Читаем без скачивания Том 5. Белеет парус одинокий - Валентин Катаев
Шрифт:
Интервал:
Закладка:
— Я говорила, я говорила… — повторяла тетя, поворачиваясь туда и назад на винтовом табурете перед пианино с белыми мельхиоровыми подсвечниками, закапанными стеарином.
А Петя дышал на оконное стекло и, скрипя пальцем, писал на нем слова: «Милостивый государь, милостивый государь…»
Оказалось, что приходивший курьер был вовсе не из гимназии, а из канцелярии попечителя учебного округа. Он принес повестку с приглашением надворному советнику Бачей явиться завтра в приемные часы «для объяснения обстоятельств, связанных с произнесением перед учащимися не разрешенной начальством речи по случаю смерти писателя графа Толстого».

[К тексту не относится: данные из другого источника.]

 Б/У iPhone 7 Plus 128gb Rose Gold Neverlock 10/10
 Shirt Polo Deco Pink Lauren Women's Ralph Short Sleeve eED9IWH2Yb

На другой день, вернувшись от попечителя, Василий Петрович, не снимая парадного сюртука, сел в качалку и заложил за голову руки. Как только Петя увидел гневную белизну его высокого лба и трясущуюся челюсть, он сразу понял, что произошло нечто ужасное. Откинувшись на плетеную спинку и вцепившись в ручки качалки пальцами с побелевшими от напряжения косточками, Василий Петрович нервно раскачивался, упираясь в пол носком поскрипывающего ботинка.
— Василий Петрович, бога ради, но что же все-таки случилось? — наконец спросила тетя, округлив добрые глаза, полные страха.
— Умоляю вас, оставьте меня в покое! — с усилием выговорил отец, и челюсть его запрыгала еще сильнее.
Пенсне съехало с носа, и Петя увидел на переносице отца две маленькие коралловые вдавлинки, отчего выражение его лица сделалось беспомощно-страдальческим. Мальчик вспомнил, что именно такое выражение было у папы, когда умерла мама и лежала, покрытая гиацинтами, в белом гробу, а отец так же безучастно качался в качалке, заложив за голову руки, и в его покрасневших глазах стояли слезы. Петя подошел к отцу, прижался и обнял его за плечи, слегка осыпанные перхотью.
— Папочка, не надо! — с нежностью сказал он.
Но отец вырвался, вскочил и с такой силой взмахнул руками, что с треском выскочили крахмальные манжеты.
— Ради господа бога Иисуса Христа, оставьте меня в покое! — закричал он мучительным голосом и бросился в комнату, которая была одновременно и его кабинетом, и спальней, где он спал вместе с мальчиками.
Там он снял сюртук и ботинки, лег поверх одеяла на кровать и повернулся лицом к обоям.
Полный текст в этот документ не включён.